How many constellations can you see on the 18th-century globe in the P.C. Hooft Room of the Muiderslot? Taurus, Cancer, Leo and Gemini: they are all on it.
Century-old knowledge in a new guise

Globe filled with constellations

This celestial globe from 1711 shows a detailed map of the night sky as it was known then. The globe shows where stars and constellations are in the sky. But whether such a globe really helped in making distant journeys remains to be seen.

Even well before the seventeenth century, ship captains were using the stars to find their way at sea. By looking at the position of stars and planets, they could determine where they were. When cartography began to develop greatly in the Netherlands, this knowledge was increasingly recorded.

Invention of the telescope

Accurate celestial globes

With the invention of the telescope in the seventeenth century, sailors were able to observe even more stars and better record their positions. Captains and helmsmen were instructed during their voyages to record observations of celestial bodies. This information was used by cartographers, who were thus able to create increasingly accurate maps and globes.

The Dutch cartographer Gerard Valck made several celestial globes at the beginning of the eighteenth century based on these new insights. The 1711 celestial globe you see in the Muiderslot is an example. It probably also included an earth globe, as globes were usually sold as a pair.

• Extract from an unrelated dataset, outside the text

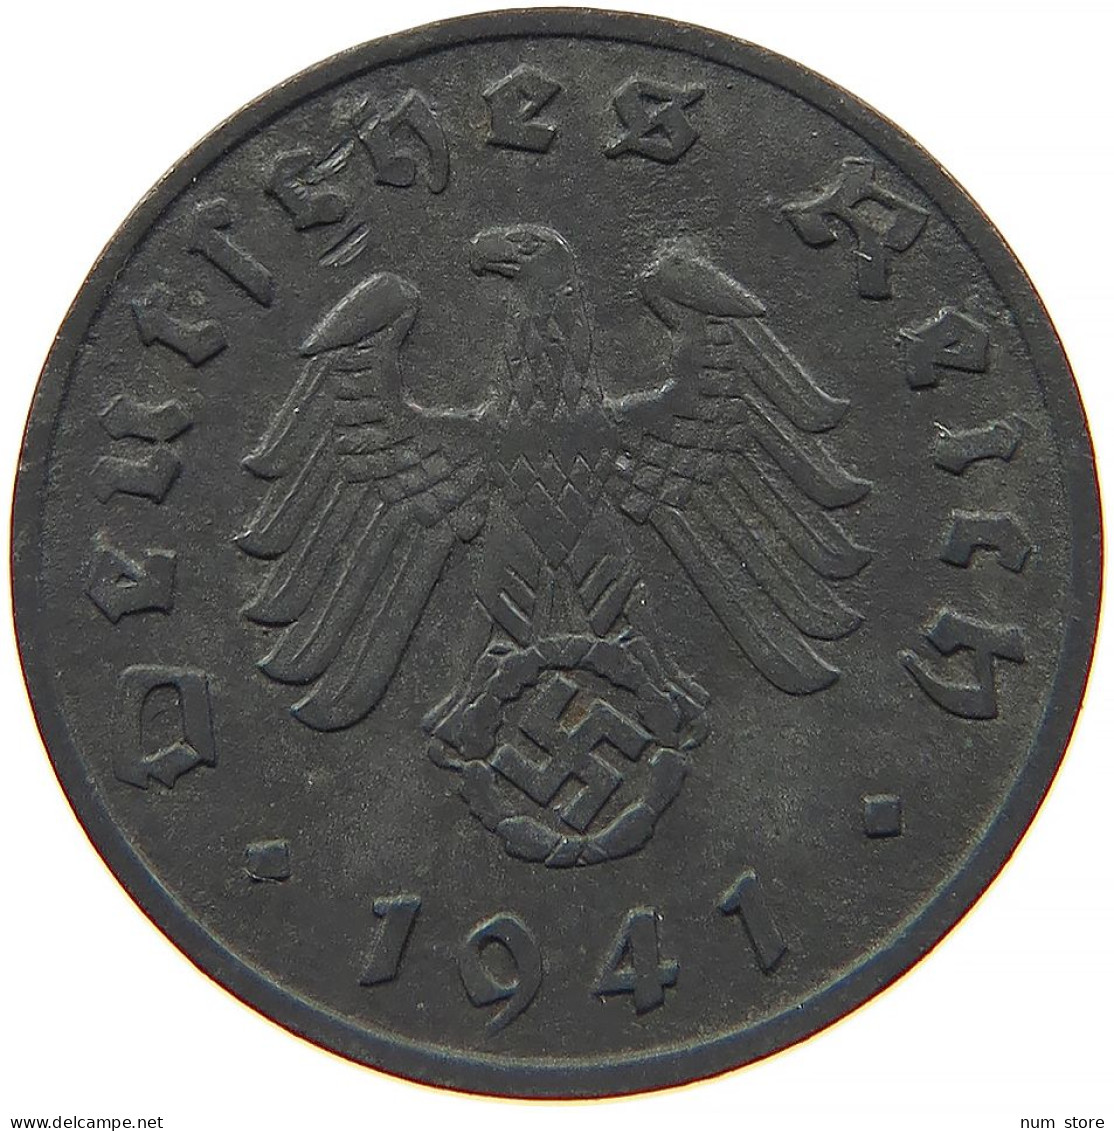 GERMANY 1 REICHSPFENNIG 1941 A #s091 1039 - 1 Reichspfennig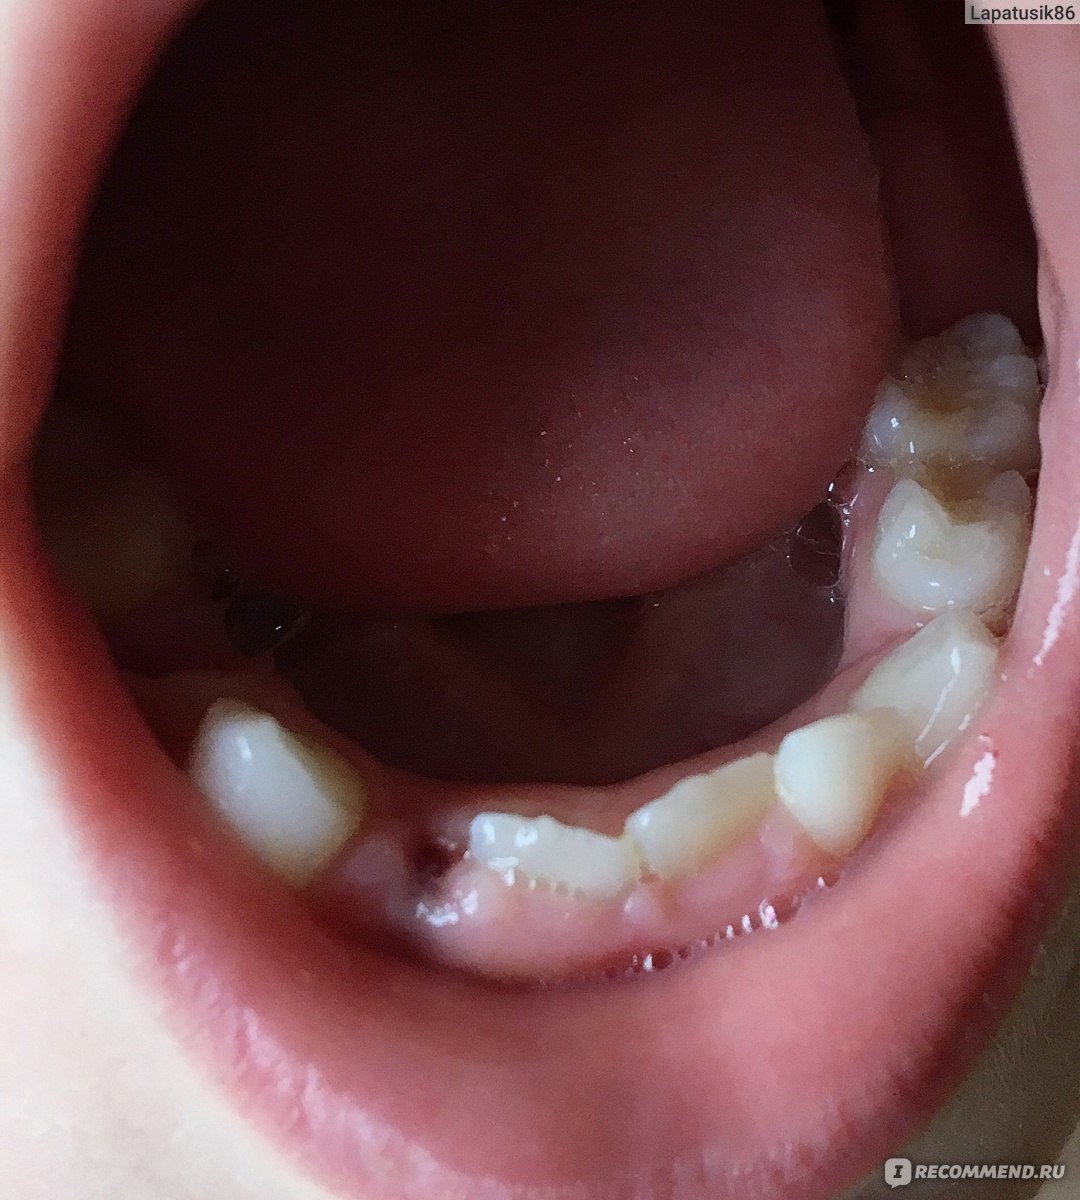 Анестезия при удалении зубов с помощью скандонеста

Decayed and eaten by cockroaches

Awkward size

Although helmsmen contributed much to the development of globes, they themselves rarely used them on board. Globes had an awkward size, were fragile, and the chart image was often not detailed enough for navigation at sea.

In a 1667 document, a mapmaker for the United East India Company (VOC) wrote that the globes were unused in the warehouse: “There were 16 globes, most of them decayed and eaten by cockroaches.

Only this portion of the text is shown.